PCT: Soft and Hard

[From Bruce Gregory (960430.1215 EDT)]

(Bill Powers 960426.1000 MST)

  Here's the hard thing to grasp. Consciousness (or perhaps we should say
  awareness, since consciousness always has content that we can identify
  with various operations in the hierarchy) -- awareness is apparently
  able to monitor processes in the hierarchy, and (in the form of
  volition) institute arbitrary changes in the hierarchy.

(Rick Marken 960429.2010)

  Yes, I agree! It also suggests a possible relationship between
  consciousness and control that I had never thought of before. Bill's
  comment suggests that consciousness is always pointed "downward"
  in the control hierarchy and that it "looks" at control from just
  above the level of the comparator in the control loop. From there,
  consciousness can "look down" and become aware of the perception
  under control by the control system and it can volitionally change
  the reference for that perception.

(Peter Cariani 960426)

  I don't believe that a (homunculus-like) receiver receives signals
  and that this is why we experience things. It's more like the receiver
  itself is the regenerating pattern of signals, and some sets of signals
  are reproducing themselves at any given moment.

Let me begin by apologizing for misreading anyone (or everyone). It
seems to me, however, that these remarks can be seen as
characterizing two "schools" of thought, which I will call "Soft PCT"
and "Hard PCT". Bill and Rick are of the "Soft" school. PCT describes
are hierarchical control system, but an autonomous "force"
(consciousness) can intervene and redirect elements of the system.
Peter belongs to the "Hard" school which maintains that it is "PCT
all the way down" (more accurately "PCT all the way up"). In the Hard
school, there is no need to invoke a consciousness or awareness out
side the hierarchical system -- consciousness and awareness are part
and parcel of the hierarchical system. Members of the Hard school
maintain that members of the Soft school are simply ignoring the
problems of accommodating consciousness and awareness within a system
of HPCT. Members of the Hard school think the members of the Soft
school are aptly named....

Bruce G.

[From Peter Cariani (960430.2015 EDT)]

I like Bruce Gregory's distinction between Hard PCT and Soft PCT;
it's very clarifying and useful,
although it's difficult for me to label others as "soft" when
I myself am willing to entertain the notion that thermostats
might have some sort of very, very primitive awareness.
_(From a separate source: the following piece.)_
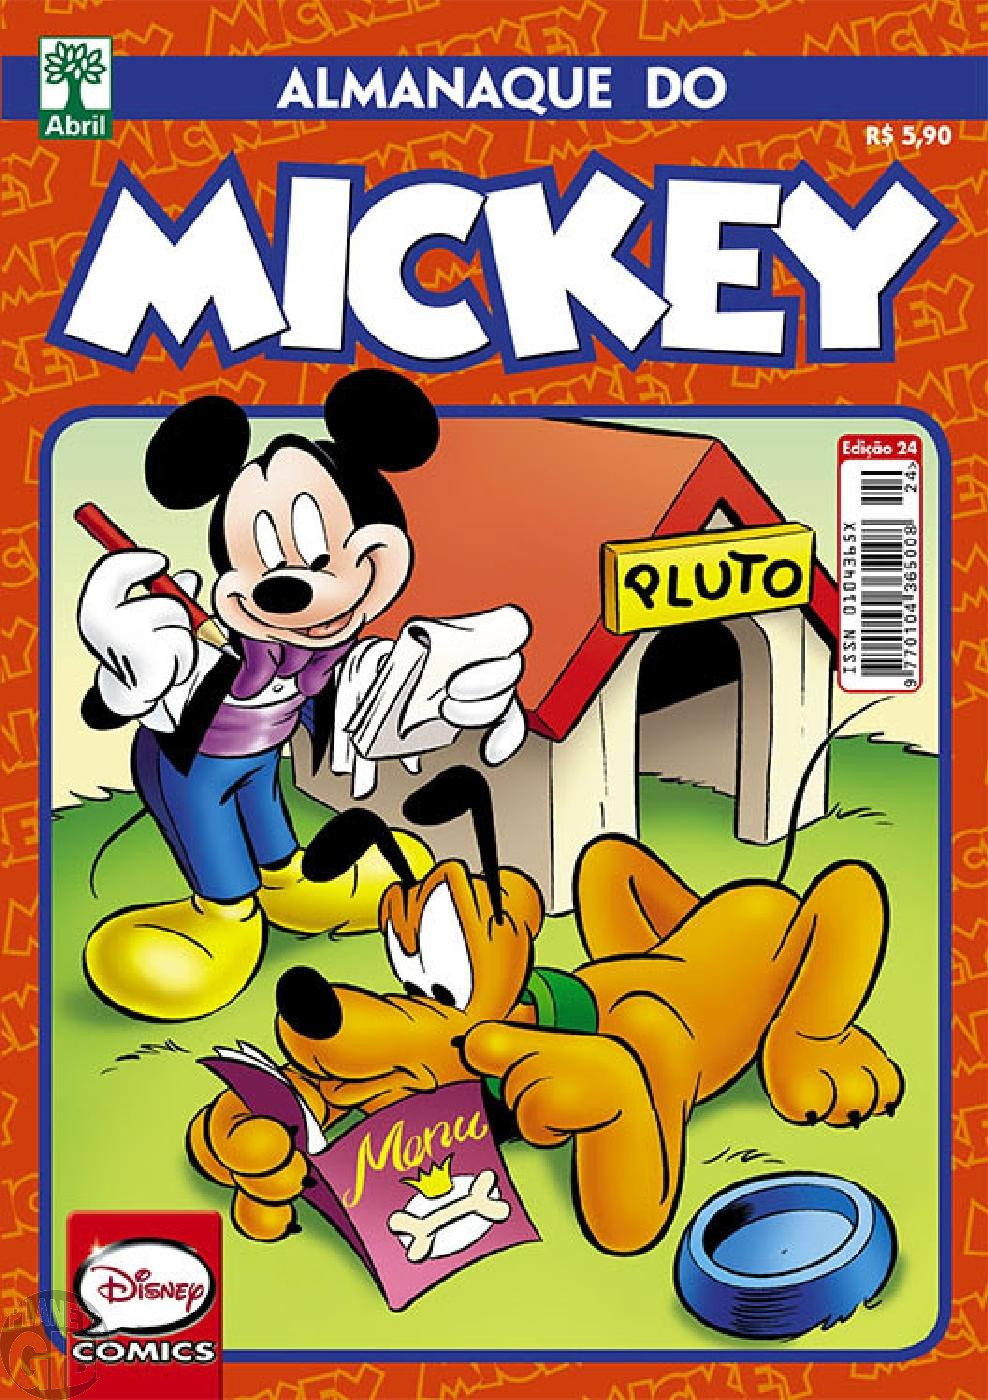 Almanaque do Mickey [2ª série] nº 024 fev/2015 - O Aviador Maluco
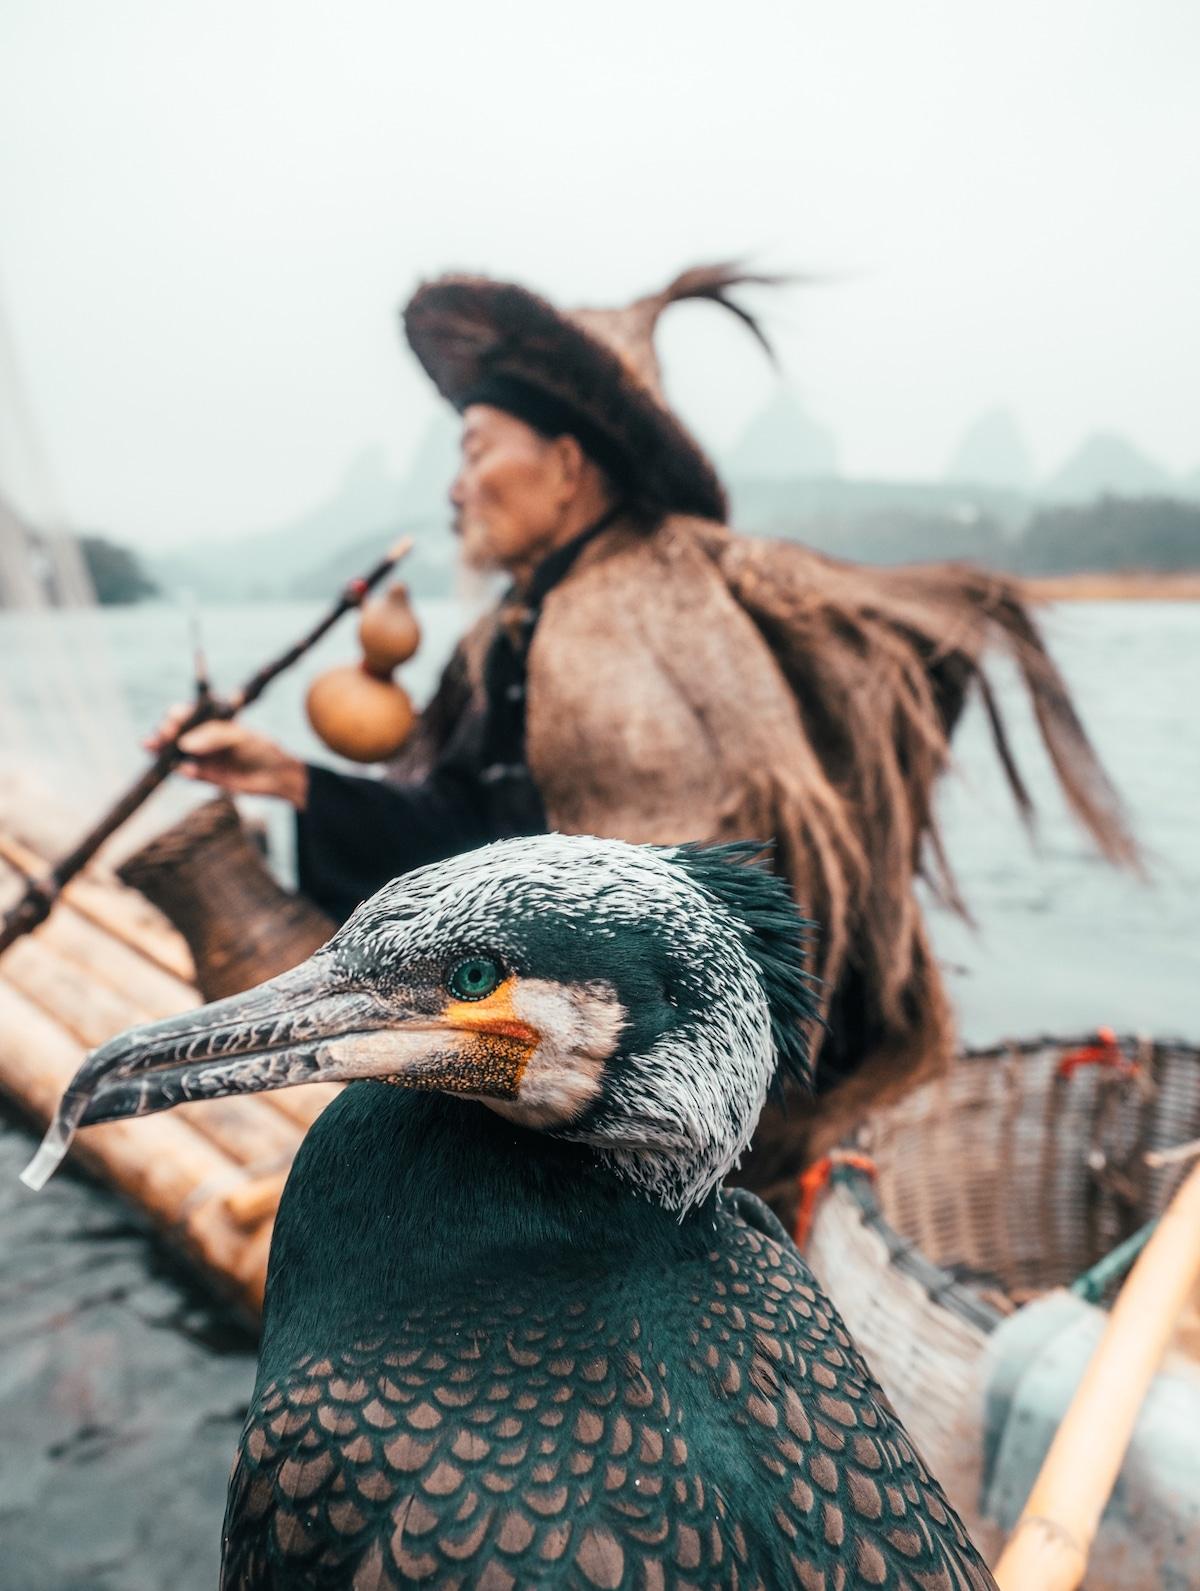 Nghề câu cá bằng chim cốc truyền thống của ngư dân Trung Quốc - Hình 5

There is also probably a difference in the way in which the
different perspectives might envision the processes that
might underlie or subserve or be concommitant with consciousness.
I think of these processes as distributed and heterarchically
organized, but which result in a coherent, unified dynamic that
we experience as our stream of conscious awareness. This allows
for a multiplicity of processes (e.g. memory, attention, control)
to go on concurrently, and it permits us to be both
experiencers and observers of our experiences at the same time.
I think this need not be so counterintuitive,
but at the same time I can't think of any handy,
everyday technological artifact that
can illustrate the idea.
I'll let you all know if I think of one.

In the case of volition, I think that there are build-up processes
that begin to switch the global dynamics of the network and we
experience the concommitant awareness of a change in goal. The
two are different aspects of the same, dynamic process.